Within this structure, carbon is treated not simply as a compliance mechanism but as a measurable output of real economic activity, embedded directly within the lifecycle of sustainable commodities and broader asset economics. These commodities, including strategic metals, critical minerals, energy resources and other natural assets, are digitised with transparent sustainability metrics and embedded source-to-sale provenance, ensuring that production, environmental impact and asset value remain connected.

Importantly, the benefits generated by these markets must extend beyond financial institutions to the communities that safeguard many of the world’s most important ecosystems, with revenue streams, digital tools and market access increasingly directed towards community-led climate initiatives. At the same time, countries are supported in building sovereign-grade climate market infrastructure capable of attracting global investment and unlocking the value of natural capital through credible national frameworks.

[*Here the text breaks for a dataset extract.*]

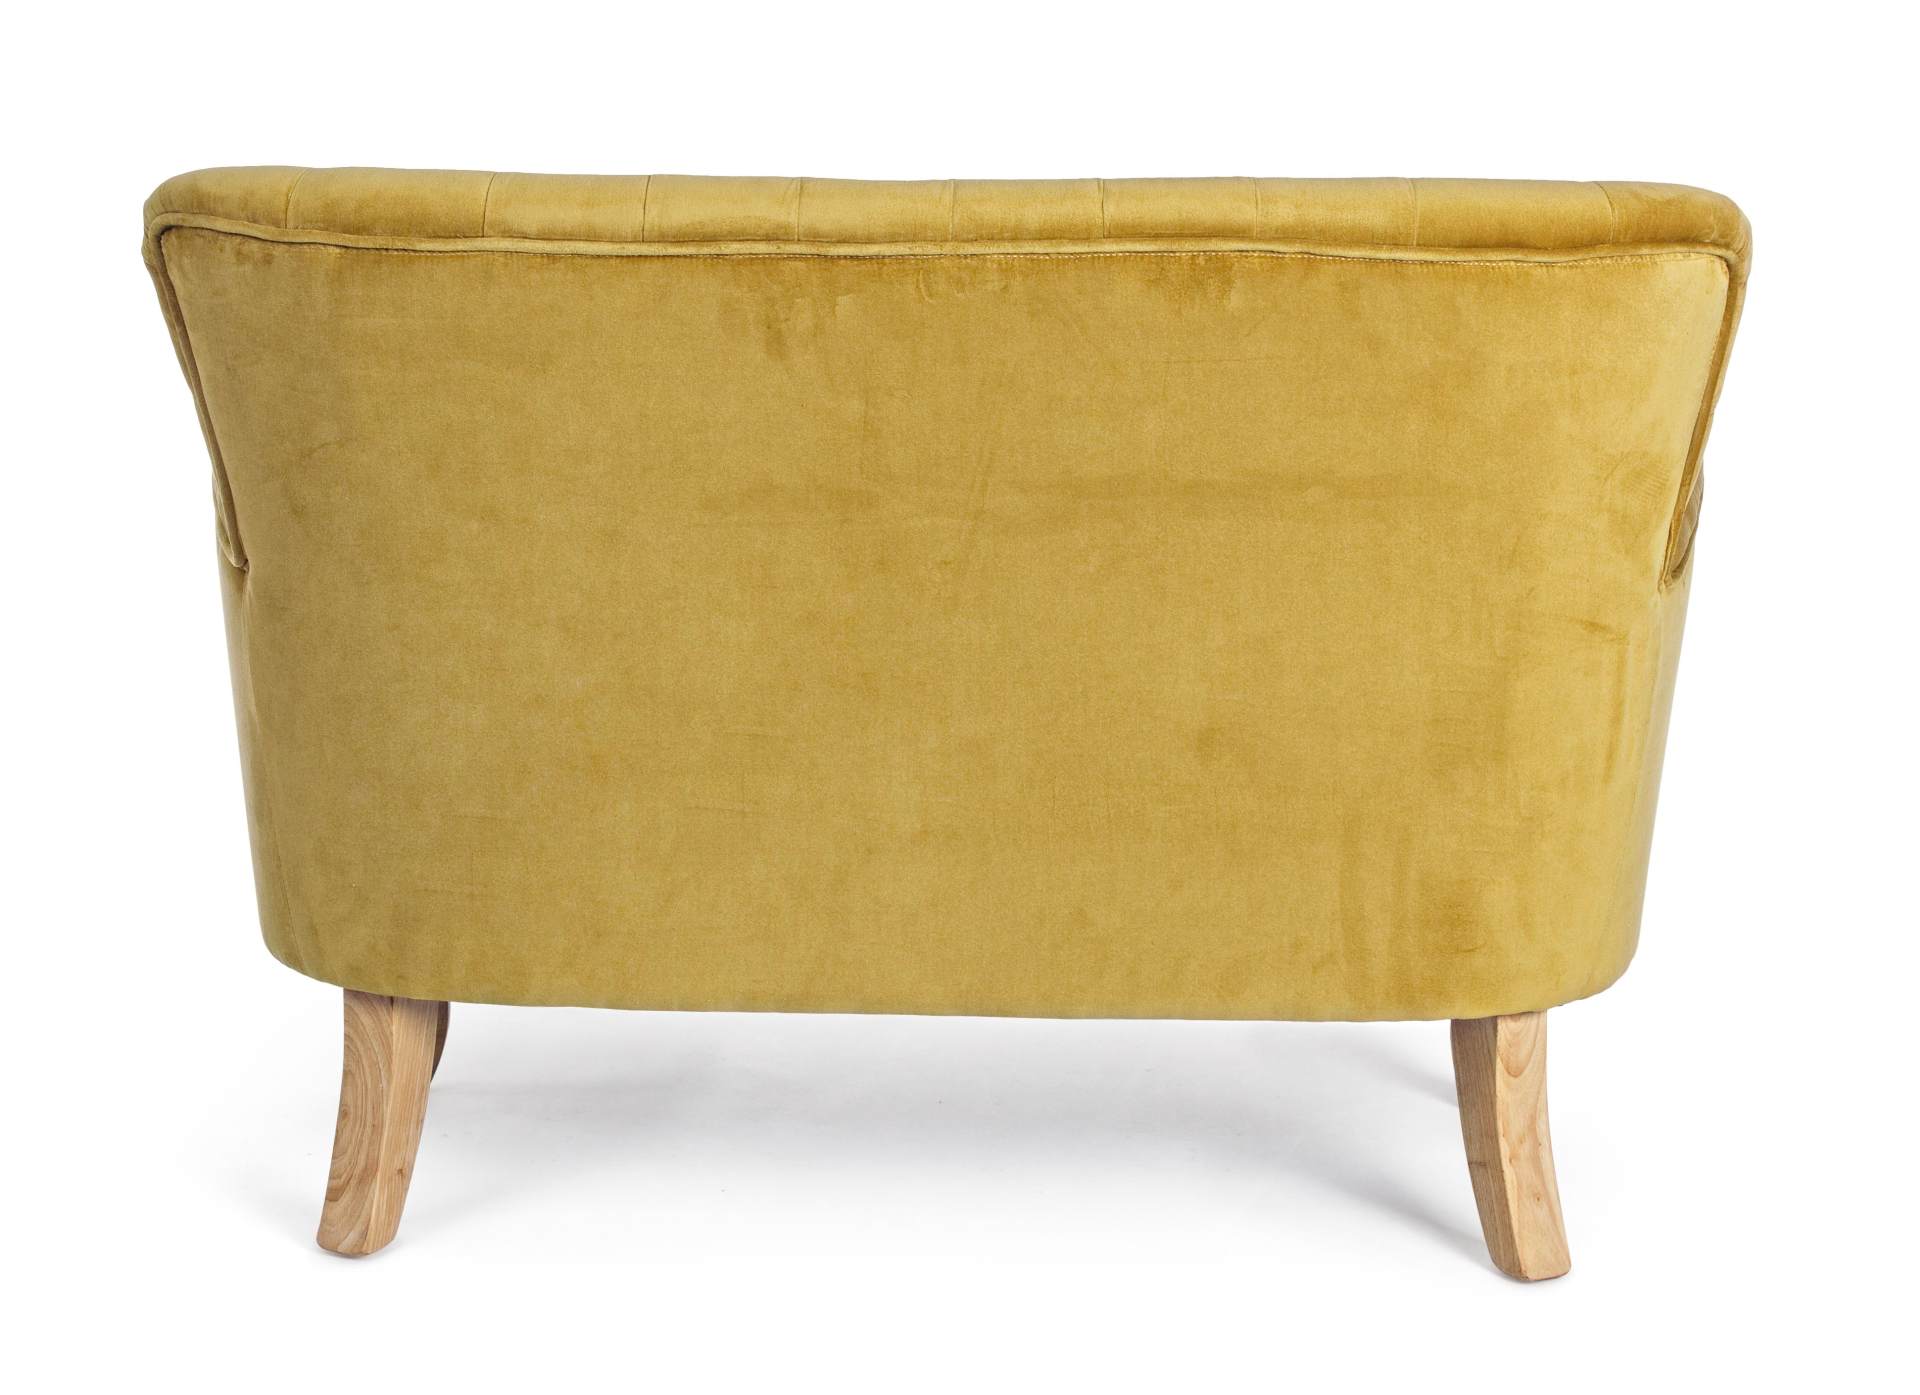 Das Sofa Orlins überzeugt mit seinem klassischen Design. Gefertigt wurde es aus Stoff in Samt-Optik, welcher einen gelben Farbton besitzt. Das Gestell ist aus Kiefernholz und hat eine natürliche Farbe. Das Sofa ist in der Ausführung als 2-Sitzer. Die Brei

Underlying this entire ecosystem is connectivity – the ability to link registries, exchanges, custodians, project developers, financial institutions and investors through interoperable digital infrastructure that removes fragmentation across markets and geographies. When these elements operate together, capital can flow more efficiently into sustainable real-world assets, providing investors with access to verified, transparent and liquid opportunities while enabling climate action to scale economically. In this way, the 7Cs framework reinforces a fundamental principle: sustainability initiatives can only achieve global impact when environmental integrity, economic value and market infrastructure operate as a single, connected system.

 

Ambition is not enough

Perhaps the most important lesson emerging from global climate discussions is that ambition alone is not enough. The world does not lack climate commitments, sustainability targets or environmental initiatives. What it lacks is the infrastructure required to translate those ambitions into functioning financial markets. Without a trusted digital infrastructure, climate markets remain fragmented, regional and capital-constrained.

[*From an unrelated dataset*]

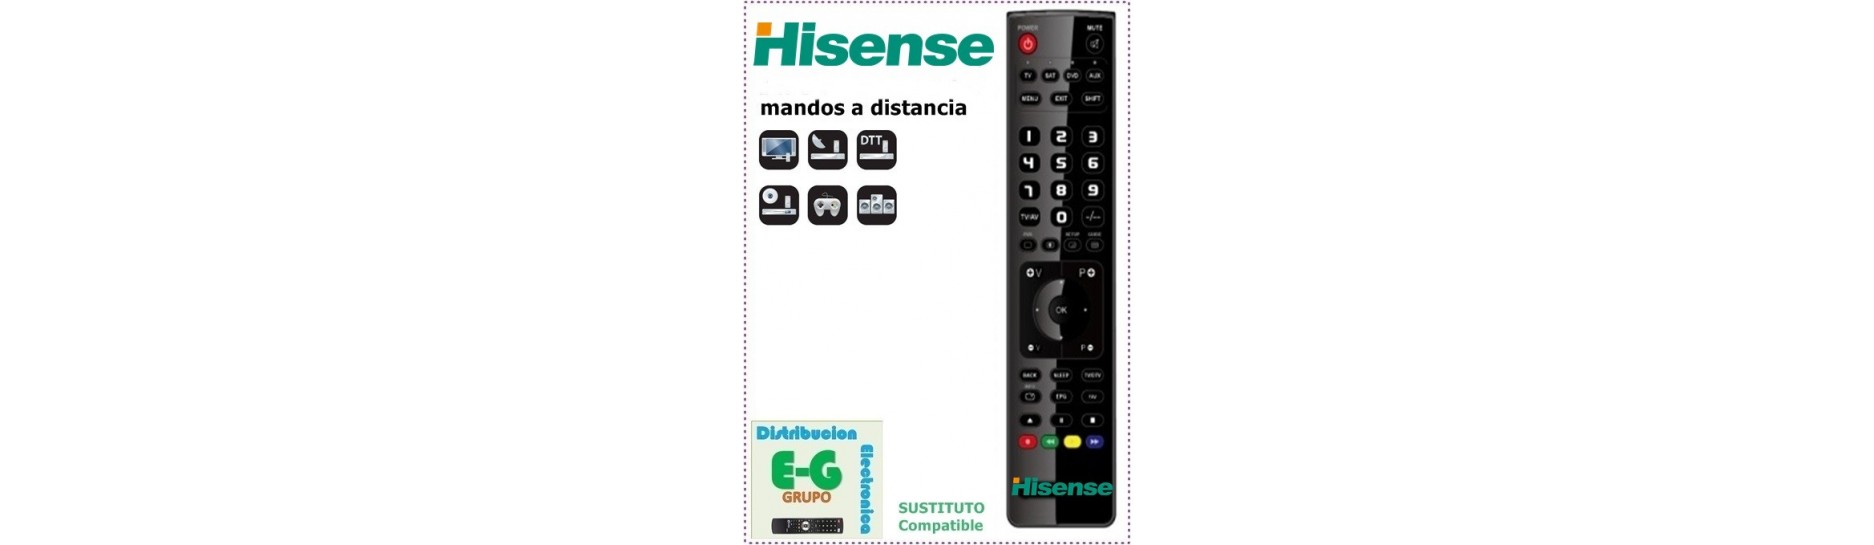 HISENSE Mandos para DVD e HIFI | Comprar Mando HISENSE para DVD e HIFI

We are at the early stages of what will likely become one of the most significant financial transformations of the coming decades. Sustainable digital RWAs have the potential to reshape how global markets value natural capital, sustainability outcomes and resource production. For countries rich in natural resources (particularly across the Global South), this transformation represents a major economic opportunity. Many of the world’s most valuable climate assets already exist within these regions, from biodiversity and forests to critical minerals and renewable energy potential.

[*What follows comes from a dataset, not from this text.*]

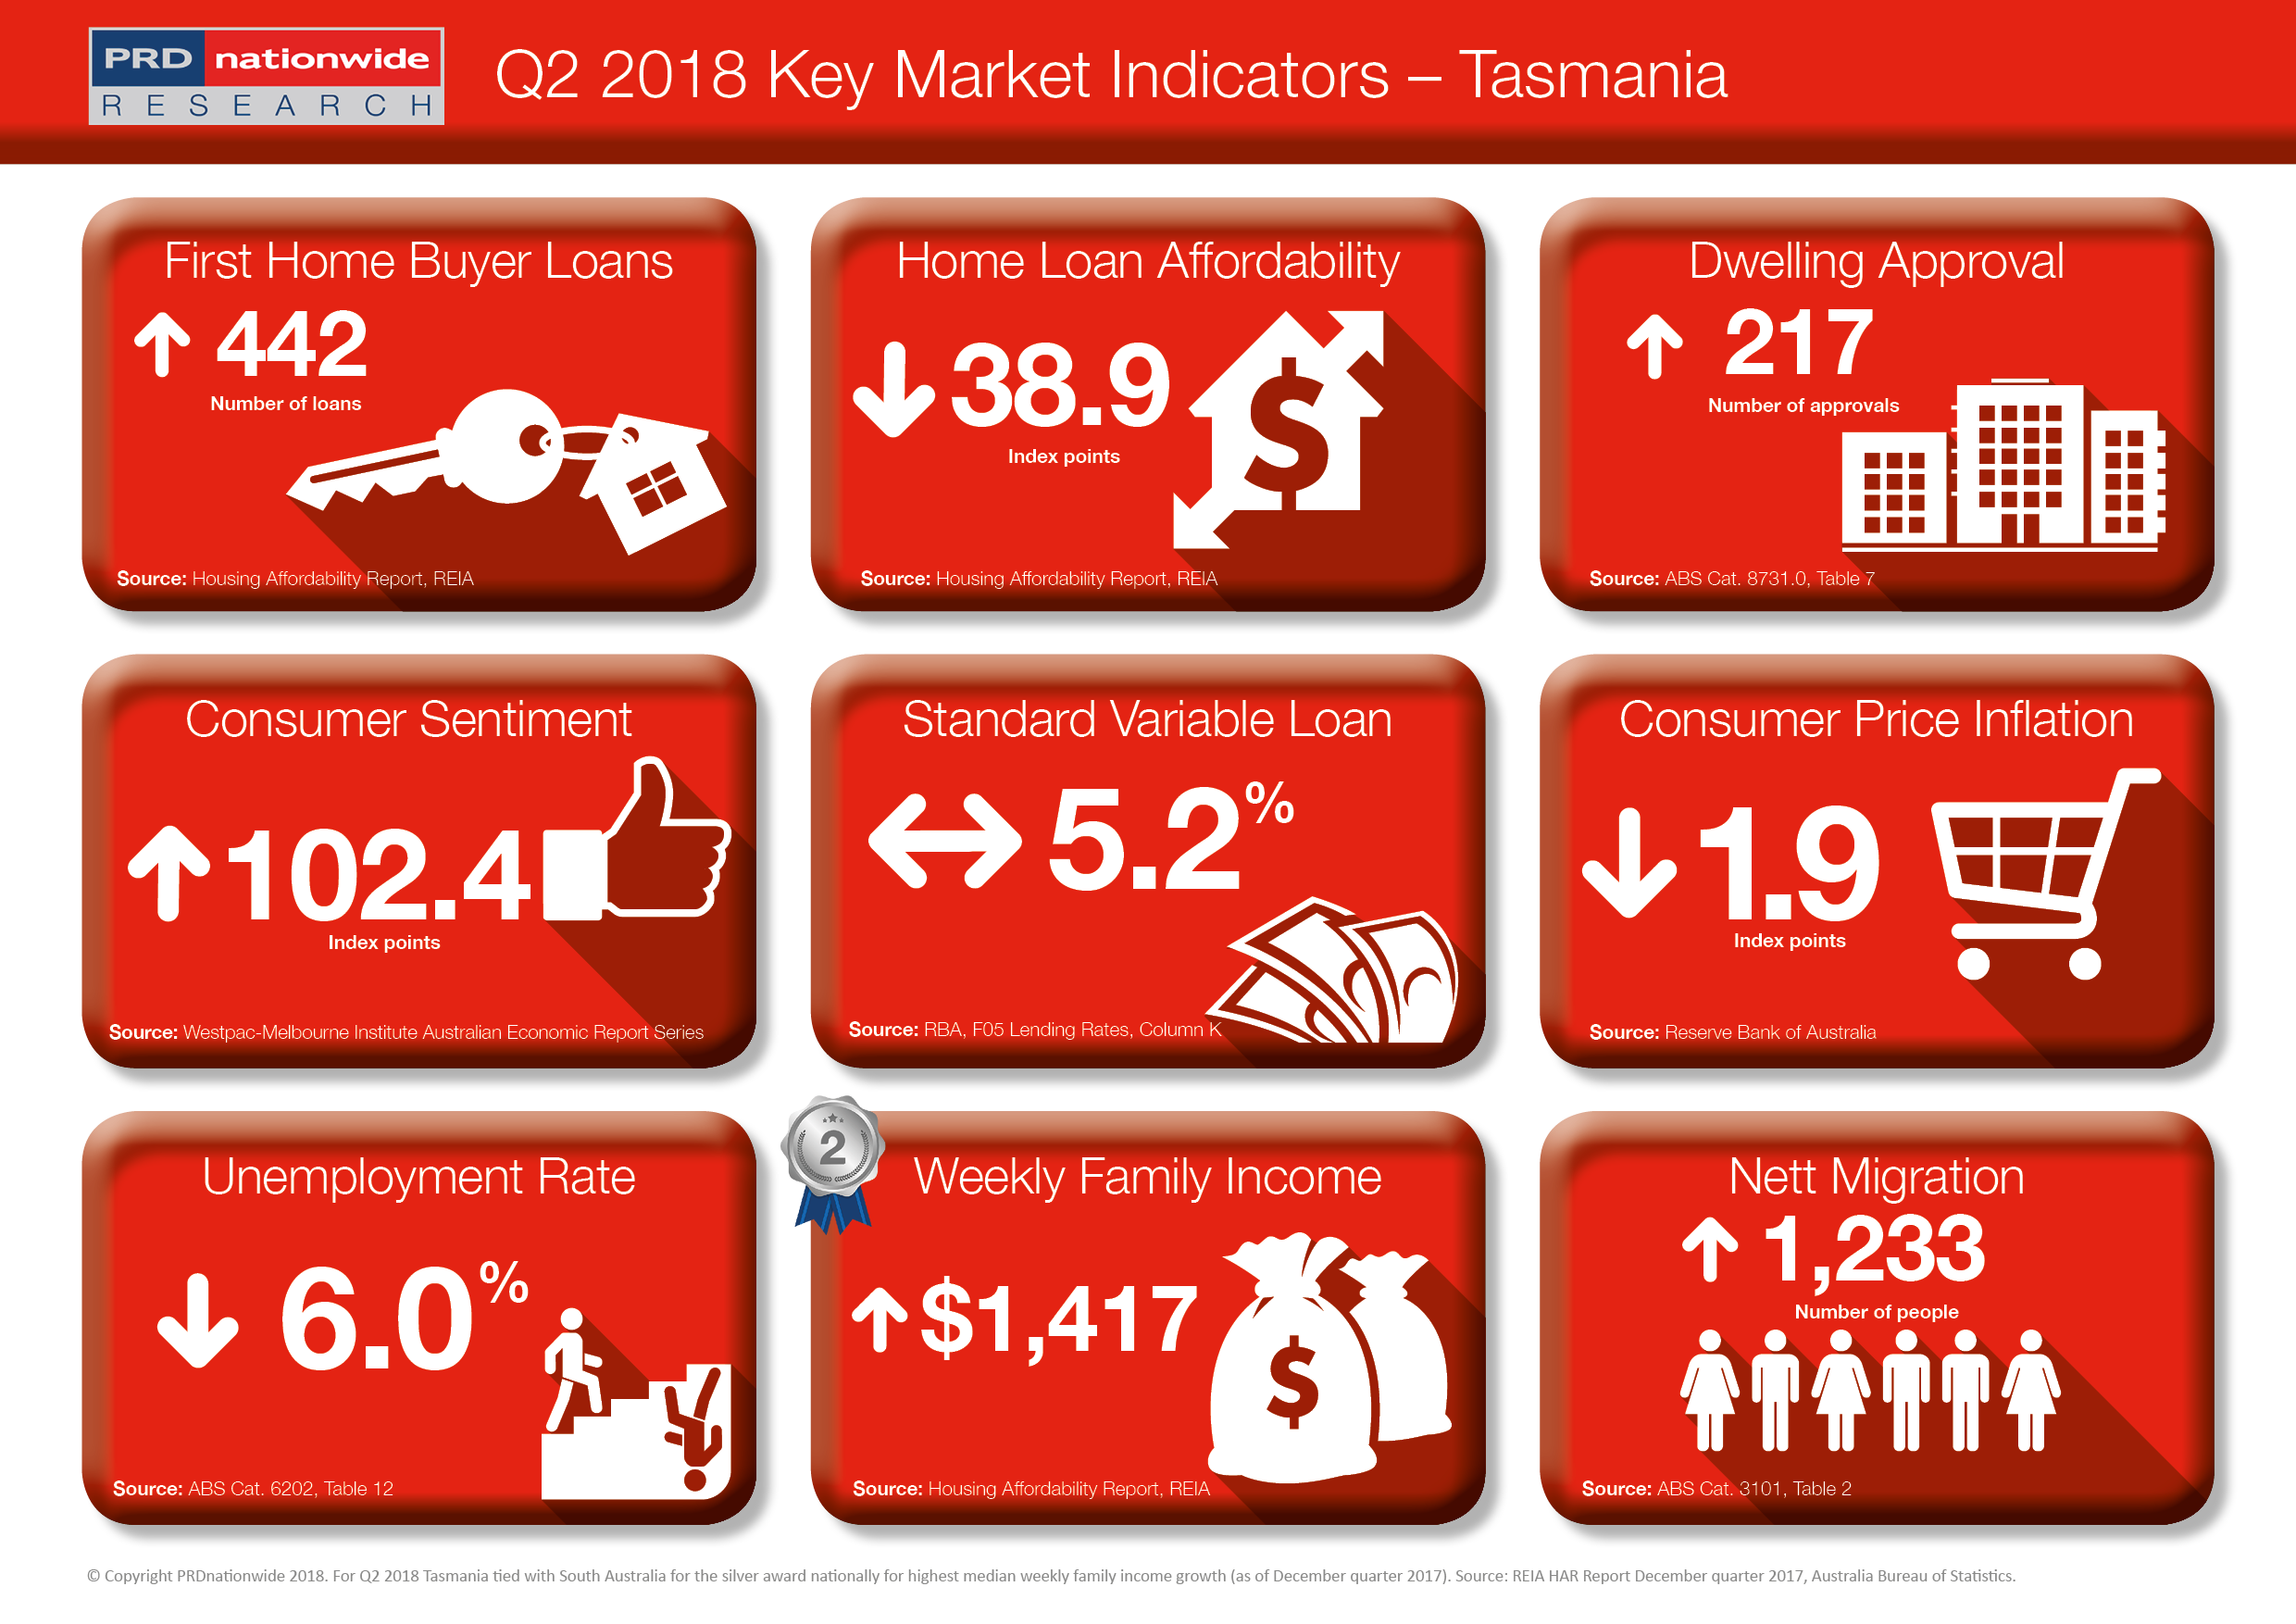 PRD Q2 Key Market Indicators 2018 - TAS.png

The challenge now is to structure these assets in ways that allow them to participate fully in global capital markets. With the right interoperable infrastructure, that opportunity can be realised.  And when climate assets become trusted, investable and liquid, the flow of traditional and digital capital needed to support a more resilient global economy can finally begin to scale.

 

The next phase of climate finance will not be defined by pledges but by infrastructural transformation.